- **Work instruction**:
Write out the lines below exactly, beginning at the one with "Kids Ages 4-6" and stopping after the one with "Escudo de armas"; the pictures are not copied.

- **Listed entries**:
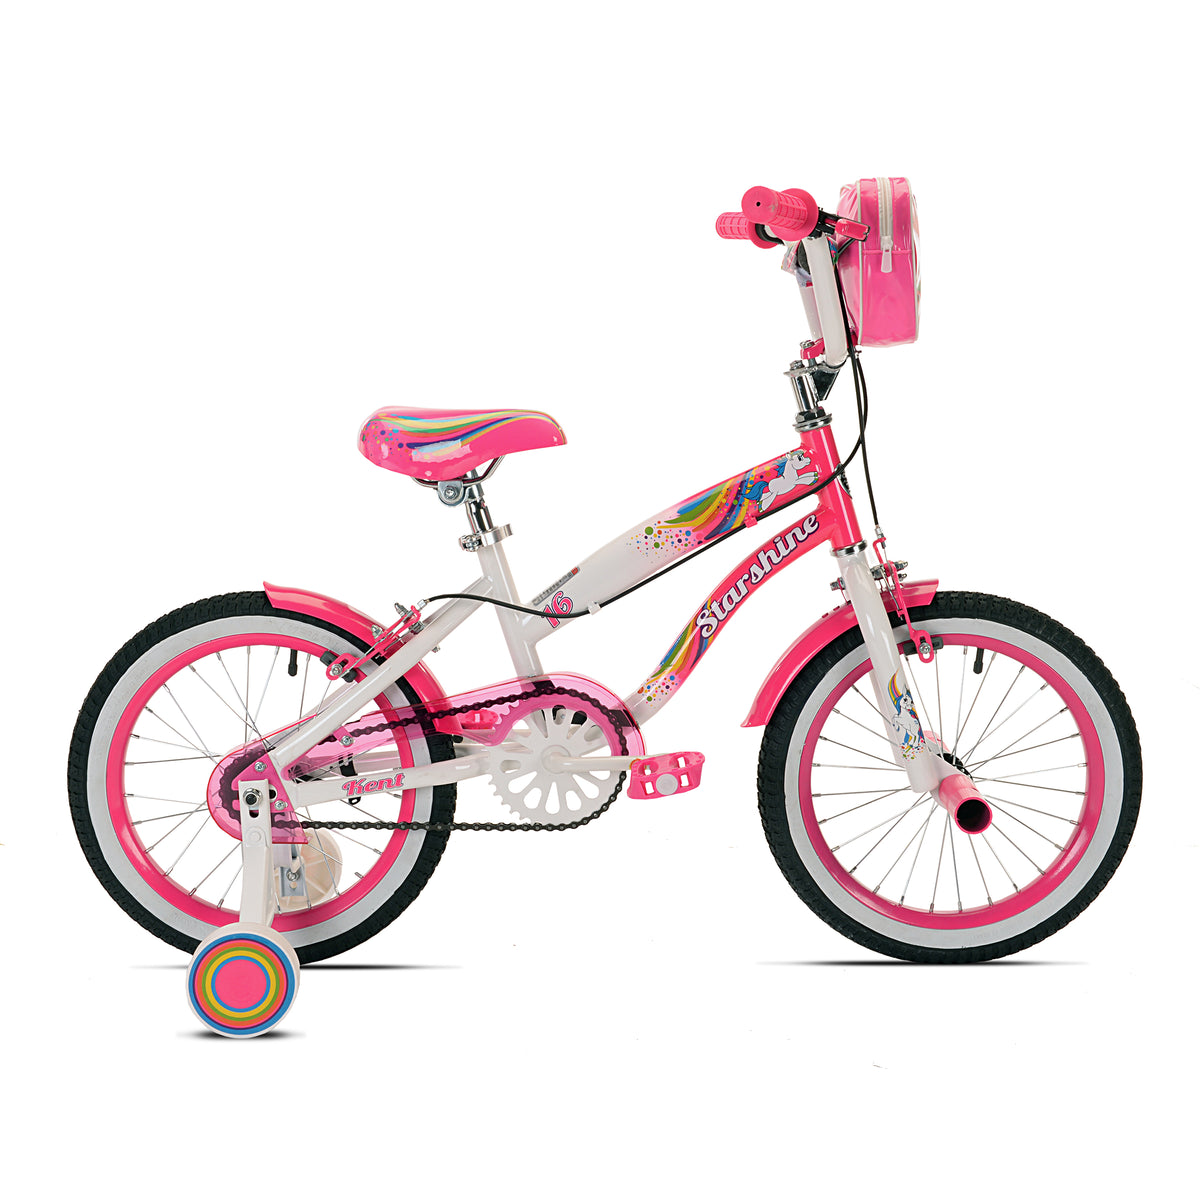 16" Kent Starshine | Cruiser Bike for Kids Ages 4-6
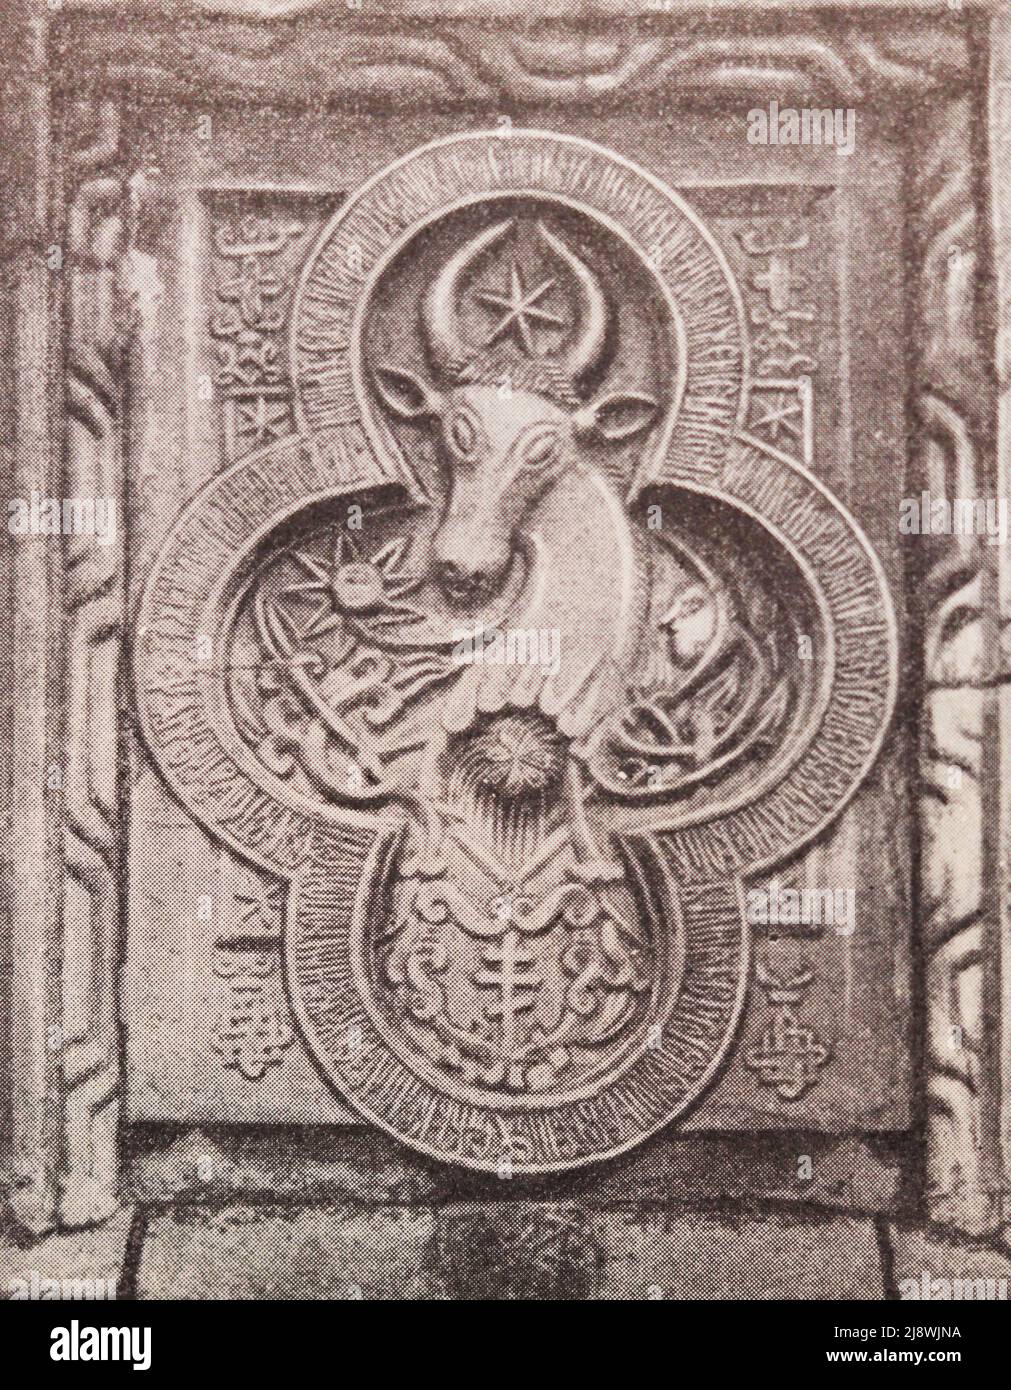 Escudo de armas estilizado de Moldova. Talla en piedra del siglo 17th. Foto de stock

---

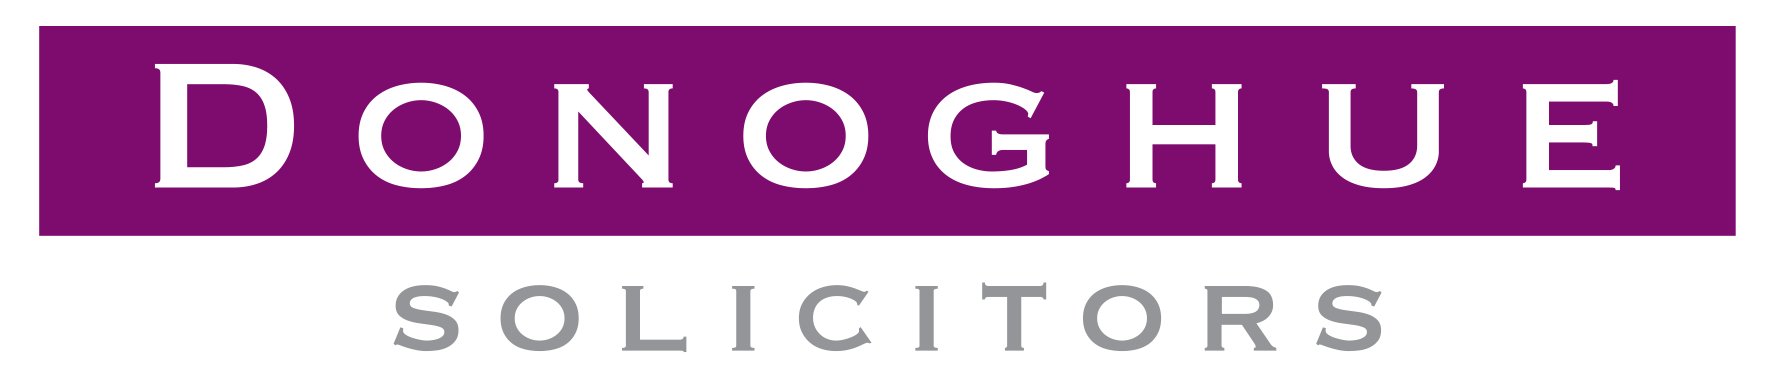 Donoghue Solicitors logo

- **Response to the task**:
 16" Kent Starshine | Cruiser Bike for Kids Ages 4-6
 Escudo de armas estilizado de Moldova. Talla en piedra del siglo 17th. Foto de stock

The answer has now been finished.